Spell Backward (Len 4)	Accuracy	46.00	86.67	+40.67

Experiment Figures

Zero-shot performance of various models across categories (Easy vs. Hard settings) and the 'difficulty cliff' (performance drop when moving from easy to hard).

Training dynamics (reward curves) for intra-domain transfer across categories.

Comparison of Curriculum vs. Non-Curriculum training dynamics.

Main Takeaways

Procedural data generation effectively overcomes the 'data wall', enabling sustained improvement via RLVR without relying on finite human-labeled datasets.
Algorithmic reasoning training serves as a strong foundation, transferring surprisingly well to mathematical domains like algebra and geometry (Cross-Domain Transfer).
Curriculum learning, where difficulty scales with agent performance, yields significantly better final models than training on uniform difficulty distributions.
A 'difficulty cliff' exists: performance drops sharply as task complexity increases (e.g., graph size, code length), revealing that current models often rely on shallow pattern matching rather than robust reasoning.

📚 Prerequisite Knowledge

Prerequisites

Reinforcement Learning (specifically PPO/GRPO)
Procedural Generation
Large Language Models (LLMs)
Reasoning Benchmarks (MATH, GSM8K)

Key Terms

RLVR: Reinforcement Learning with Verifiable Rewards—using objective, programmatic feedback (correct/incorrect) to train models, typically for math or code, rather than human preference labels.

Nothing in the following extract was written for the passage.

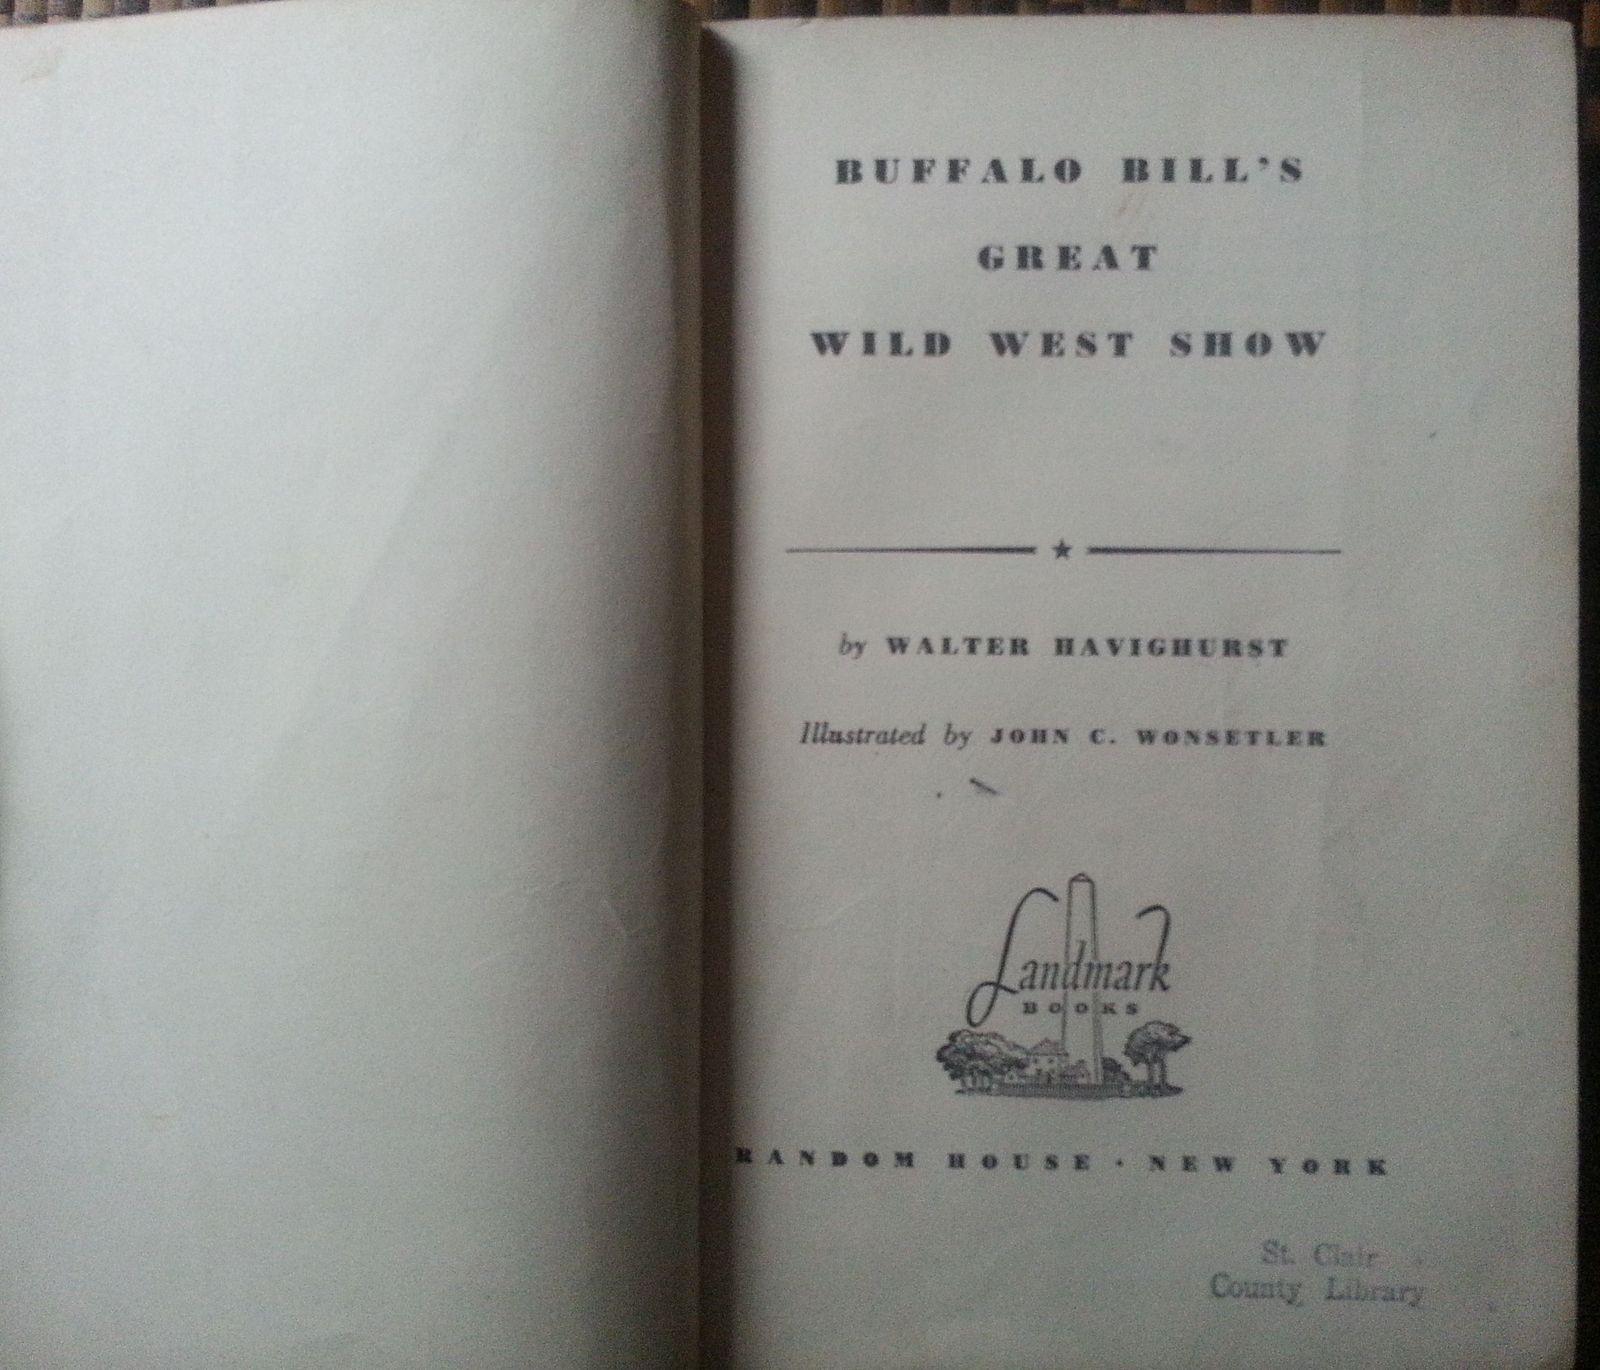 Buffalo Bill's Great Wild West Show by Walter Havighurst 1957 HB

Procedural Generation: Algorithmic creation of data where content is generated automatically based on parameters rather than manually authored.

GRPO: Group Relative Policy Optimization—a reinforcement learning algorithm that optimizes a policy based on the relative performance of a group of outputs for the same input.

Zero-shot: Evaluating a model's performance on a task without providing any specific examples of that task in the prompt.

Curriculum Learning: Training strategy where the difficulty of tasks increases progressively as the model improves, rather than random sampling.

ARC: Abstraction and Reasoning Corpus—a benchmark requiring the solution of visual logic puzzles, often challenging for text-only models.

Outcome-based feedback: Reward signals based solely on whether the final answer is correct, without evaluating the intermediate reasoning steps.

GSM8K: A benchmark of grade-school math word problems.

MMLU-Pro: A massive multitask benchmark covering diverse academic and professional subjects.